But too often campus organizations and local churches fail to meet the needs of the students they both serve.

For all the successes and enthusiasm displayed by university groups of Christians, there exists a serious flaw.

These groups are effectively preparing students for participation in evangelism, in group Bible studies, and for the development of healthy personal devotional habits. In addition, some campus groups have sought to help students develop a more thoroughly Christian world view.

But student organizations should not be seen as ends in themselves; they exist on behalf of, and as a result of, the church. The New Testament witness indicates that a small group (as in Matt. 18:20) is not a church. John Stott, for example, has remarked that students should beware of regarding an “InterVarsity chapter as a church.” There exists a vital distinction between the two, though the proper functioning of the former as an extension of the church is perfectly in order. More basically, members of ad hoc Christian groups, as genuine believers, are part of Christ’s church universal.

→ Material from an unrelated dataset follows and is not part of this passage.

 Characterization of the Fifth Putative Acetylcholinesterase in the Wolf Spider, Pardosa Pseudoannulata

Therefore, a campus Christian group’s long-term effectiveness should be measured largely “not in terms of numbers attending meetings, nor even of the numbers of those converted, but by the number of its former members who, as a result of its teaching and training, become useful and fruitful members of local congregations when they graduate or qualify.”

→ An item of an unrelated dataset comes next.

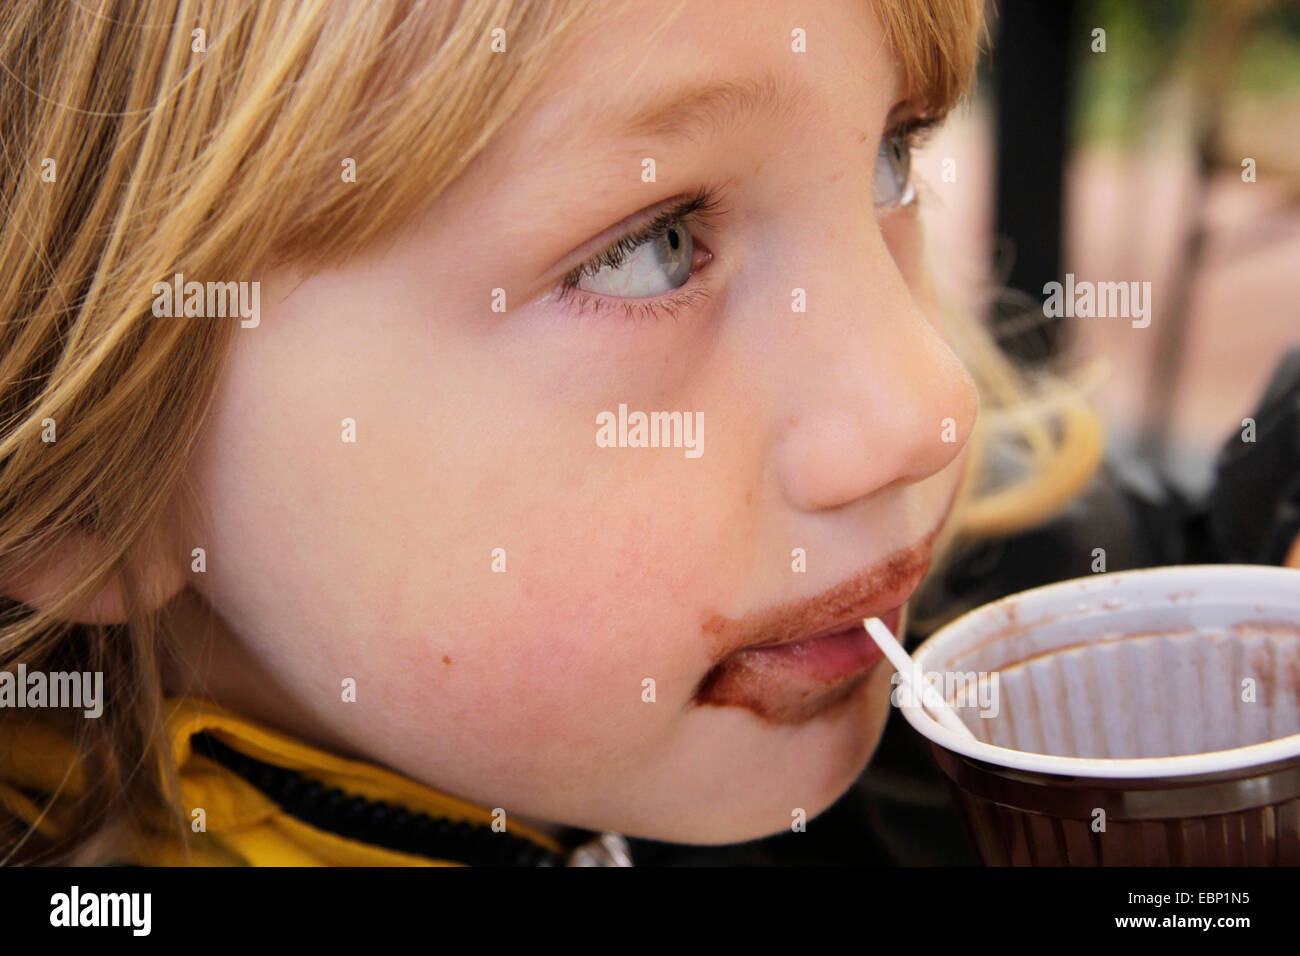 little boy with smeared mouth, Germany Stock Photo

“The real test of student group effectiveness,” insists English churchman, college administrator, and former missions executive Michael Griffiths, “is whether or not the group is preparing the members properly for the role they will need to play in a local congregation for the next 50 years.”

I am not attacking the marvelous work done on behalf of Jesus Christ and his church (sadly, in cases, because the church had no vision) by university Christian groups. And I believe that most, if not all, organizations—nondenominational and the denominationally affiliated alike—include the goal of “preparation for churchmanship” as part of their ministry rationale. But too many of the leaders of these groups possess few effective strategies for accomplishing such a goal. I suspect that the goal of helping students “become fruitful members of local congregations” is not being attained because it lies near the bottom of the groups’ actual priorities.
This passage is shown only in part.